Section 3.11 Condition and Sufficiency of Assets. To Seller’s Knowledge, the buildings, plants, structures, furniture, fixtures, machinery, equipment, vehicles and other items of tangible personal property of the Company are structurally sound, are in good operating condition and repair, and are adequate for the uses to which they are being put, and, to Seller’s Knowledge, none of such buildings, plants, structures, furniture, fixtures, machinery, equipment, vehicles and other items of tangible personal property is in need of maintenance or repairs except for ordinary, routine maintenance and repairs that are not material in nature or cost. The buildings, plants, structures, furniture, fixtures, machinery, equipment, vehicles and other items of tangible personal property currently owned or leased by the Company, together with all other properties and assets of the Company, are sufficient for the continued conduct of the Company’s business after the Closing in substantially the same manner as conducted prior to the Closing and constitute all of the rights, property and assets necessary to conduct the business of the Company as currently conducted.

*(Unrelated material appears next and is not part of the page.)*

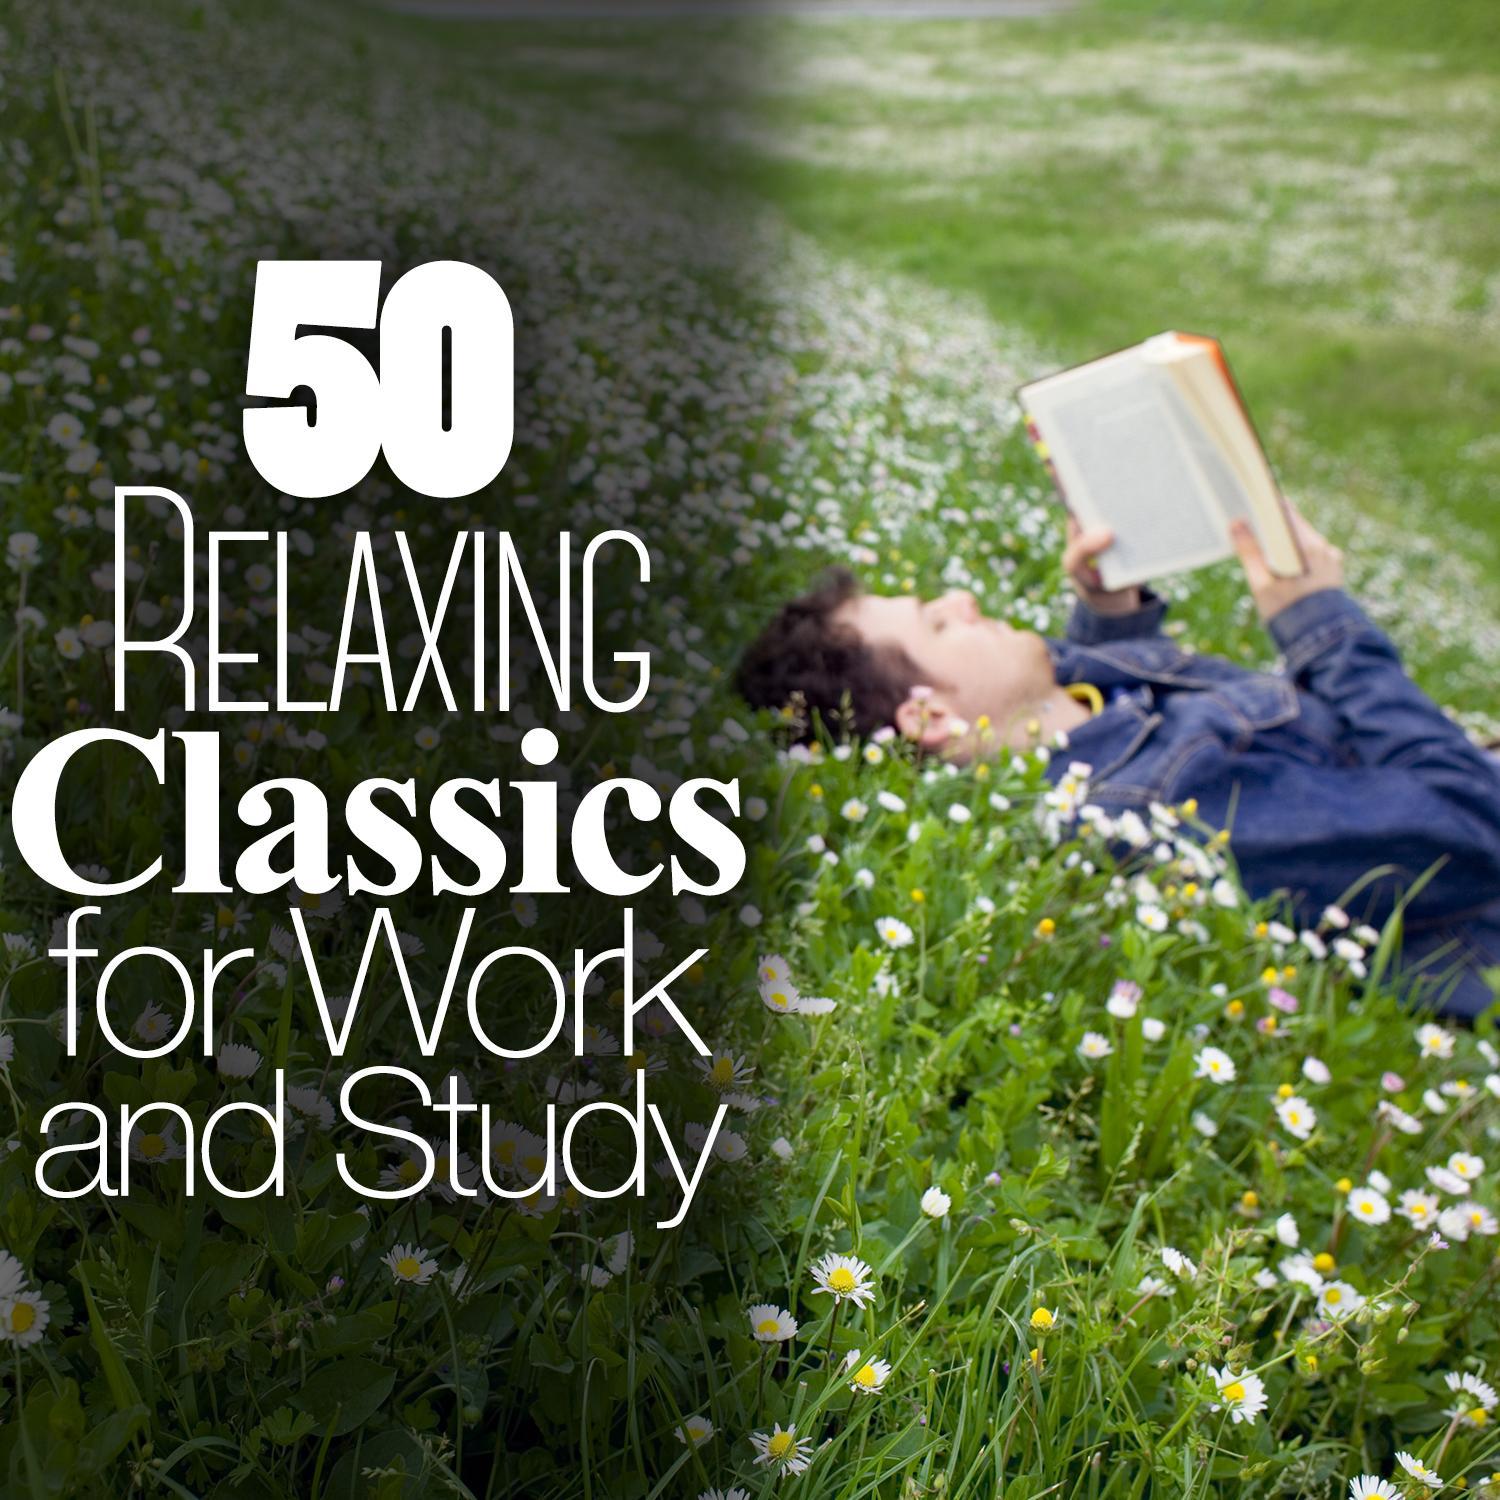 50 Relaxing Classics for Work and Study

Section 3.12 Intellectual Property.

(a) Section 3.12(a) of the Disclosure Schedules lists (i) all Company IP Registrations (including for each item, (A) the record owner thereof, (B) the jurisdiction or registrar therefor, (C) the applicable registration, application or serial number or similar identifier, and (D) the status thereof, including any and all actions that are due or must be taken, including payments that are due or must be made, within ninety (90) days of the Closing Date to obtain, maintain, perfect or renew such item) and (ii) all Company Intellectual Property, including software, that are not registered Company IP Registrations but that are material to the Company’s business or operations. All required filings and fees related to the Company IP Registrations have been timely filed with and paid to the relevant Governmental Authorities and authorized registrars, and all Company IP Registrations are otherwise valid, subsisting and in good standing. Seller have provided Buyer with true and complete copies of file histories, documents, certificates, office actions, correspondence and other materials related to all Company IP Registrations.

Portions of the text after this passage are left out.